The best thing about FileVault is that it does all its work out of sight. Once you set it up, you’ll never really notice its presence.

Configuring FileVault takes just a few steps.

  1. Go to the Security & Privacy preference pane in System Preferences and select the FileVault tab.
  2. If FileVault is not yet enabled, you’ll see a button prompting you to Turn On FileVault. (If the option is grayed out, click the padlock icon and enter an administrator username and password before proceeding.)


    4.11 Choose how to unlock FileVault if the password is lost.

  3. If you opt to create a recovery key, the next pane displays it (4.12). Make a copy of the key, either written down somewhere secure (a safe or even a safe deposit box), and/or store it in a safe digital location, such as a password manager.


    4.12 FileVault recovery key

  4. Enter the password for any user accounts on the device beyond the one that is currently enabled. (That, among other things, prevents pranksters from, say, encrypting someone’s disk because they left their account logged in.)
  5. Once you’ve logged in all the current users, click Continue. Your Mac prompts you to Restart in order to begin the encryption process.

Upon restarting, you’re prompted for your account password. Once you log in, the encryption process begins in the background. Again, it happens transparently; you don’t need to do anything, and your other activities shouldn’t be affected while the encryption is in process. You can check the progress of the encryption by going to the FileVault section of the Security & Privacy preference pane; a progress bar reflects how much of the disk has been encrypted, and how much is left to go.

Once FileVault is finished with its encryption, the only difference you will notice is that OS X prompts you to log in as soon as you start your computer, rather than once the OS has loaded.
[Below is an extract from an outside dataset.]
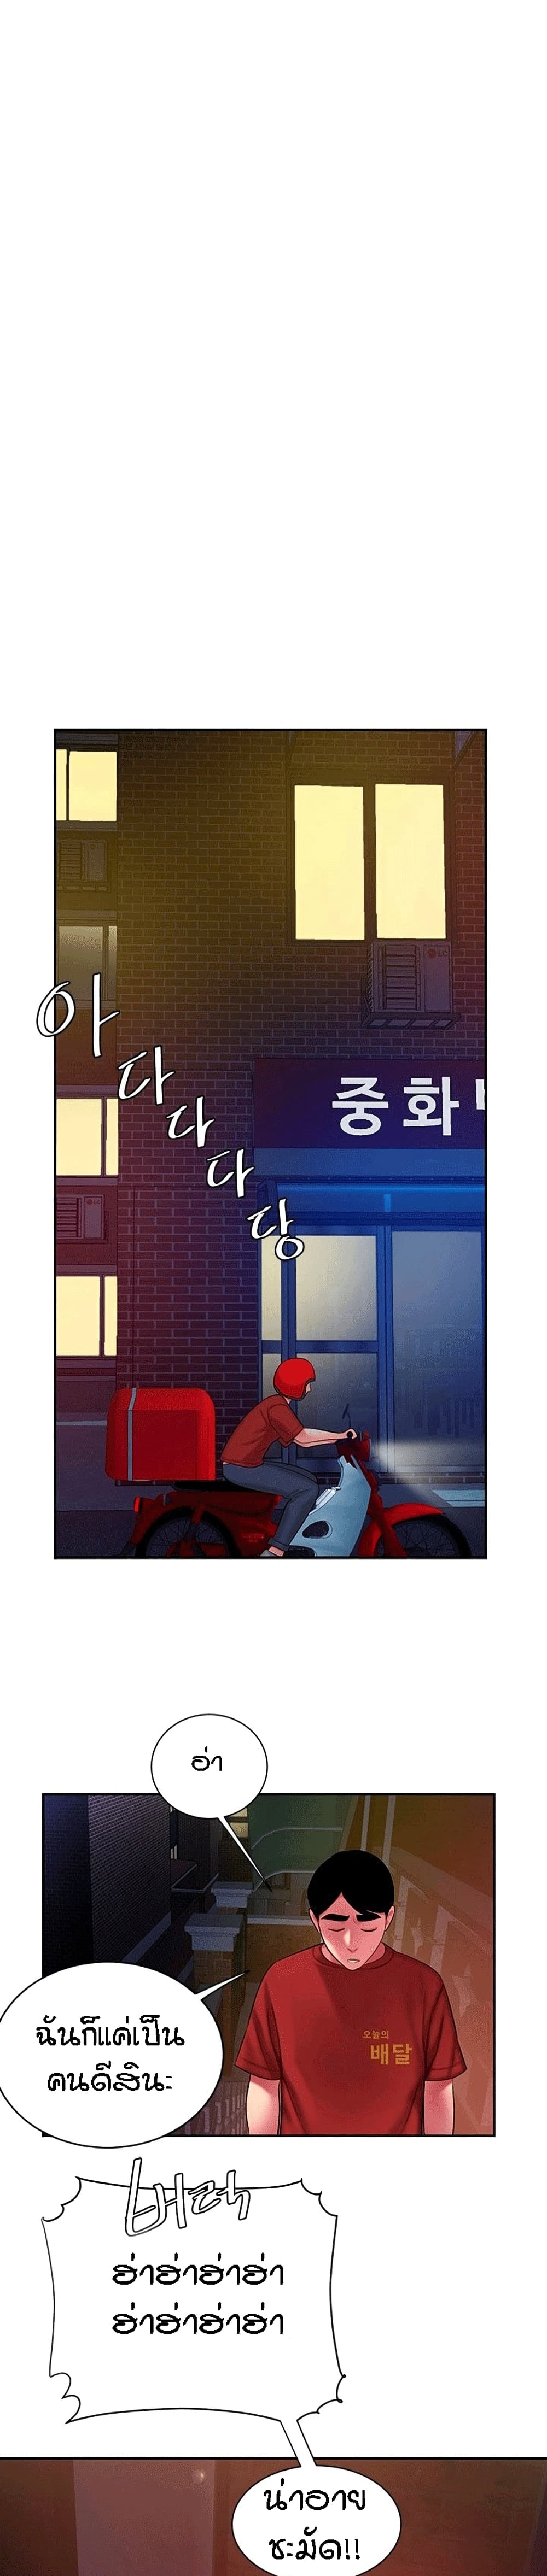 Delivery Man 38-38

You’ll see a slightly different login screen—all gray, rather than a translucent one that shows your desktop image behind it.

Master Password

People forget their passwords. It happens. OS X provides a variety of ways to reset passwords: Administrators can reset passwords for other admins, as well as for standard, managed, and sharing accounts; if you’ve enabled it, you can also reset your password using your Apple ID, which is Apple’s recommended method for recovering a forgotten password.

One additional option is to create a master password for your machine, which you can use as a sort of override to reset any user account password—even on an account protected by FileVault.
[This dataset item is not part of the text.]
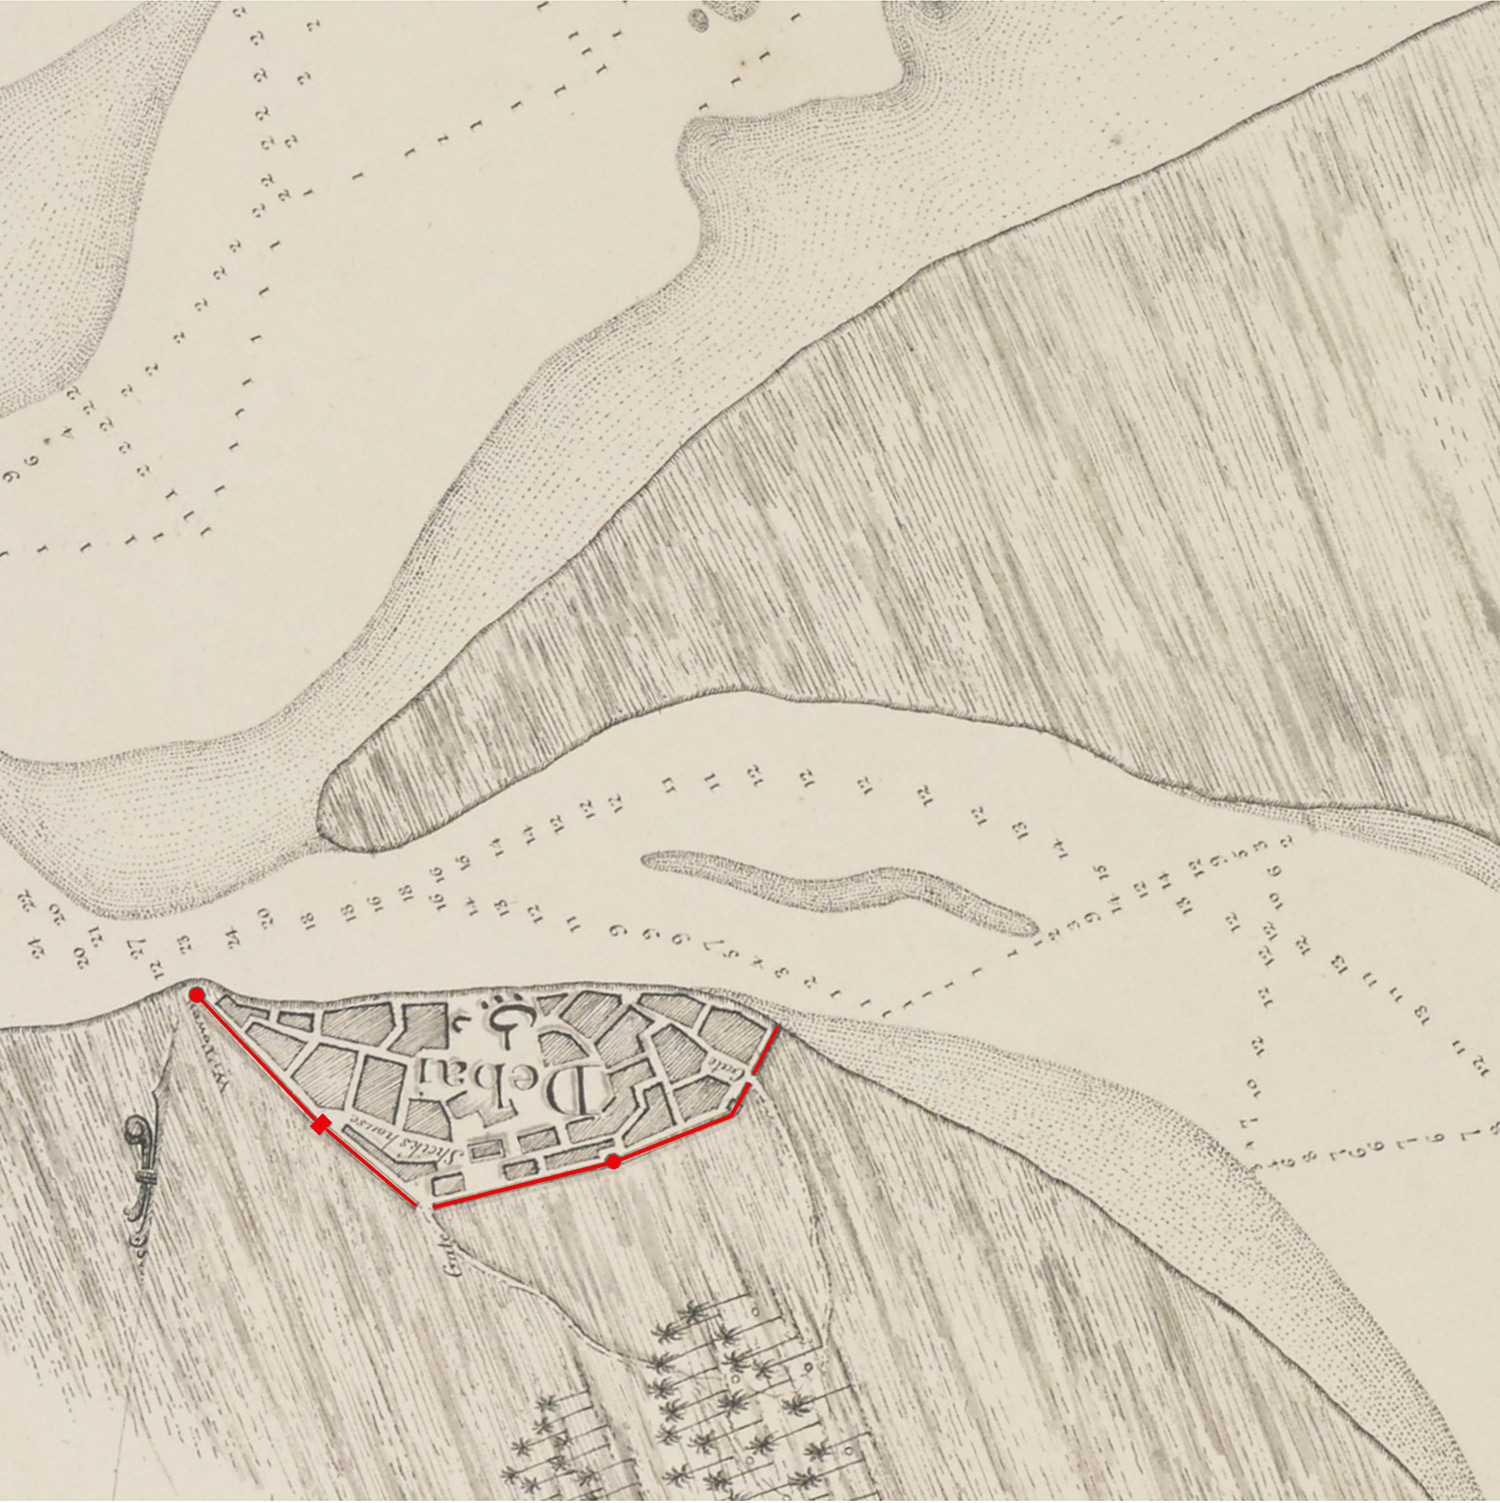  Map detail from ‘Trigonometrical Plan of the Back-water of DEBAI’ by Lieut. R. Cogan’s map, 1822  Highlighted in Red is the historic Path of Boundary wall around ‘DEBAI’, Source: http://www.sheikhmohammed.com

To set a master password, do the following:

  1. Go to the Users & Groups preference pane and click the gear icon at the bottom of the list.
  2. Choose Set Master Password, and you’ll get a familiar-looking dialog.
  3. Enter and verify the master password, along with an optional password hint (4.13). Click OK.
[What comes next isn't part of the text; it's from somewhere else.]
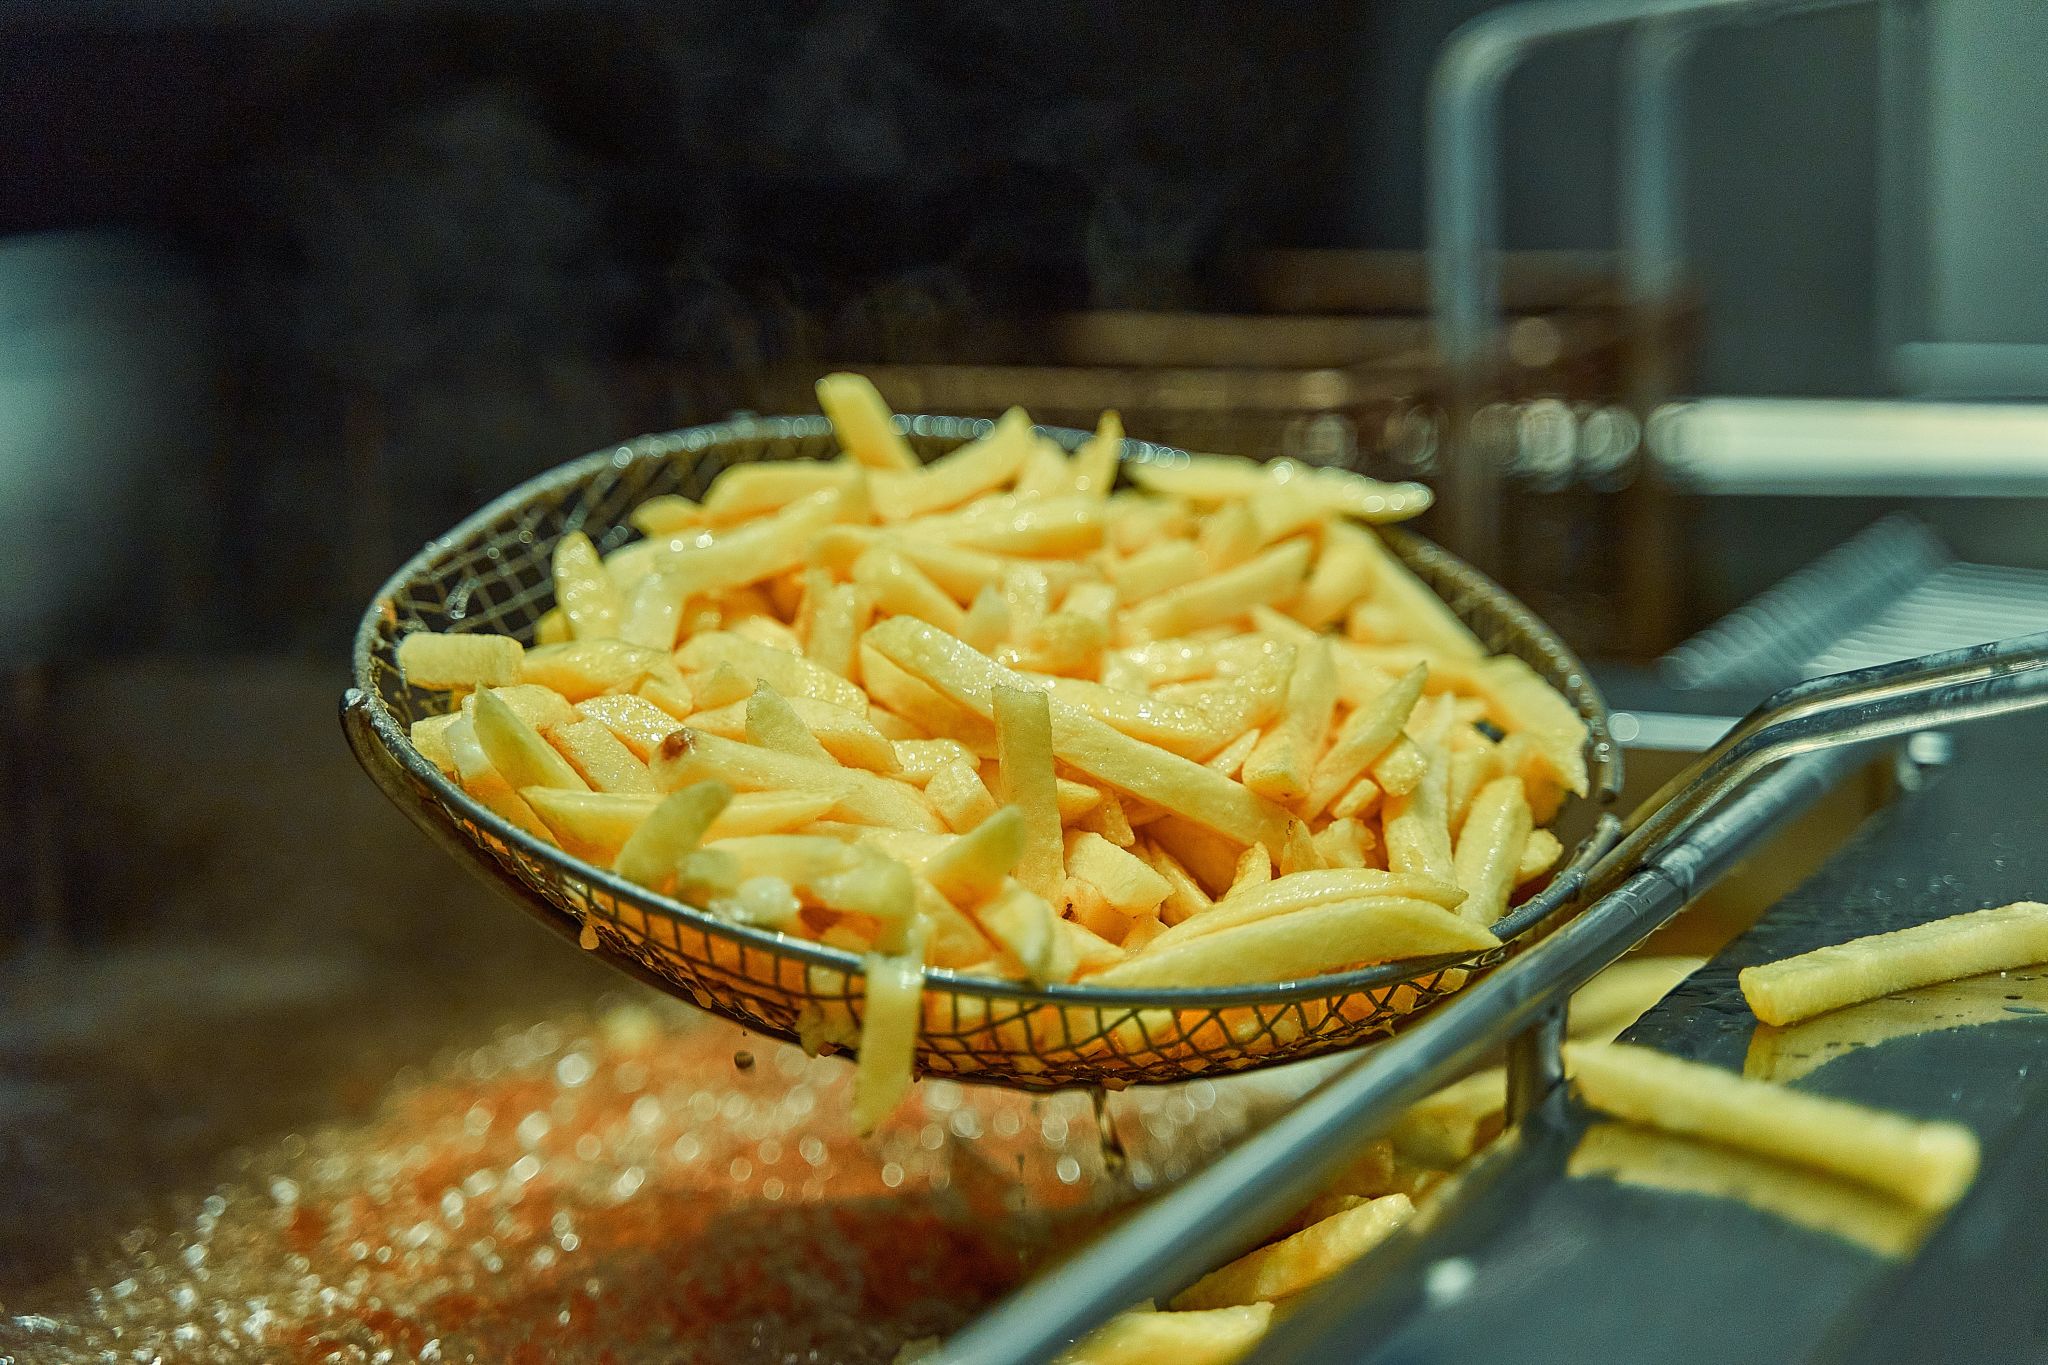 an image of fries

    4.13 Setting up a master password

Once a master password is set, if you attempt to log in to an account and fail several times, you’ll be prompted to use the master password and create a new password for that account. You can change your master password by going back to the Users & Groups pane and choosing Change Master password from the gear icon, but keep in mind that you’ll need to provide the current master password in order to do so.